My only regret about going to Cambodia is that I didn’t have more time to explore this wonderfully cultural country.
With less than a week to explore I wasted no time. My first stop was Phnom Penh after taking a 6 hour bus journey from Ho Chi Minh City costing me £8.
Home to the Killing fields. I believe that this is a must see when visiting Cambodia. Neglecting this landmark is ignoring the country’s history; relatively recent history. We used a Tuk Tuk driver for half the day costing us $10. He first took us to the killing fields taking us around 30-40 minutes from the city centre with an entrance fee of $3: this included an audio tour which was very much appreciated opposed to having men chase you around offering a guide!
The raw truth exposed for tourists to see. Wandering around the grounds was spine chilling. Each point that the audio tour lead you to gave a detailed monologue of what happened nearby and how many children, mothers, fathers, sisters, brothers, cousins, friends, doctors, lawyers and many more Cambodians were killed and buried where your feet now stand. Below is a picture of a lake where hundreds of innocent victims’ bodies still lie underneath.
The last check point took you to a tall, white building. It held glass boxes full of skulls, murder weapons and items of clothing once worn by the deceased: they aged from new born babies right up to the elderly.

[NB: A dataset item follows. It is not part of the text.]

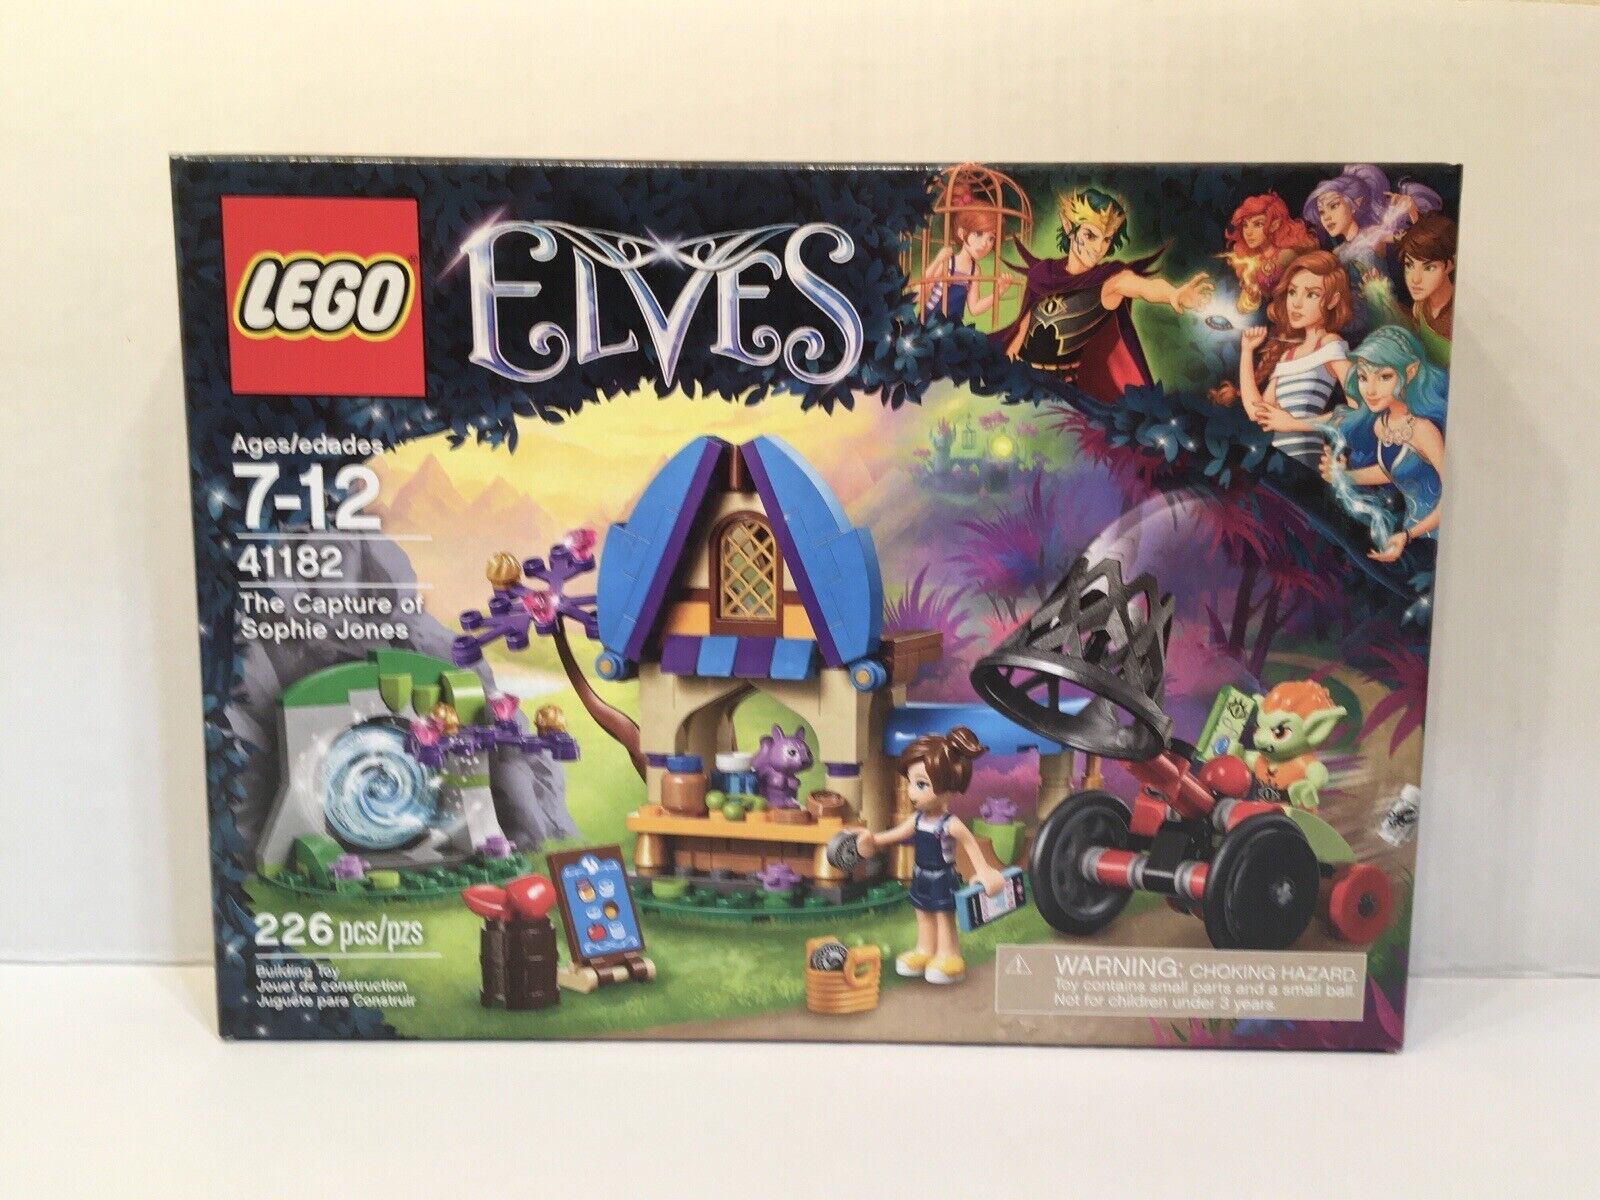 LEGO Elves - The Capture of Sophie Jones - 41182 - New Sealed - Goblin Barblin

Accidentally, we stumbled upon a crocodile farm. I say accidentally because when the driver asked if we wanted to see it, I thought he said coconut farm. I’m scared of crocodiles so I stood far away. Entrance was $1 in case you fancied seeing 400 crocodiles.
The driver then took us for some lunch. He drove us to a street restaurant where a young woman was cooking spring rolls. They were delicious! We even bought more, along with a banana sweet snack and rice crackers for the journey to Battambang that afternoon. The package below cost us $3…
Battambang: famous for its’ bamboo train running through rice fields and countryside. Sadly, this track will soon be destroyed due to a new highway being built as we speak so if you’re thinking of going to Battambang I recommend that you ride this unique train before it no longer exists.
Battambang > Siem Reap
The same afternoon we hopped on a bus which took us to Siem Reap where we would stay throughout the remainder of our trip.
The secret to seeing the Angkor Wat sunrise:
Tip: Buy your entrance tickets the day before you plan on seeing the sunrise. We learnt this the hard way… there are check points along the route to the gates in which you cannot buy tickets, you have to go to the ticket shop first. We were too late in catching the sunrise on our first attempt so the second morning we were prepared with tickets in hand breezing through the security checkpoints. We parked our scooter at the east gate then walked through a very dark Angkor Wat to the west side where we would find the best angle for viewing the anticipated sunrise. Tripods were lined up ready to take the perfect shot of the sun touching the magnificent temple’s shoulders at 05:45.
The area in which the temples are located was a lot bigger than expected; it took us 40 minutes to drive from Angkor Wat to Ta Som where the gates opened at 07:30.
We shared the whole temple with just one other person giving us peace to roam freely without the hassle of weaving in between other tourists. Start with the furthest temple away from Angkor Wat or the one you want to see the most as many tourists are doing the same route meaning flocks of people will crowd going from Angkor Wat to Bayon first.
Make sure you stop off at one of the gateway bridges along the way, it almost feels like the stone statues are welcoming you to their home.
Bayon Temple: the most interesting of all. You’ll find this temple to be one of the most crowded so I recommend getting there early to beat the rush!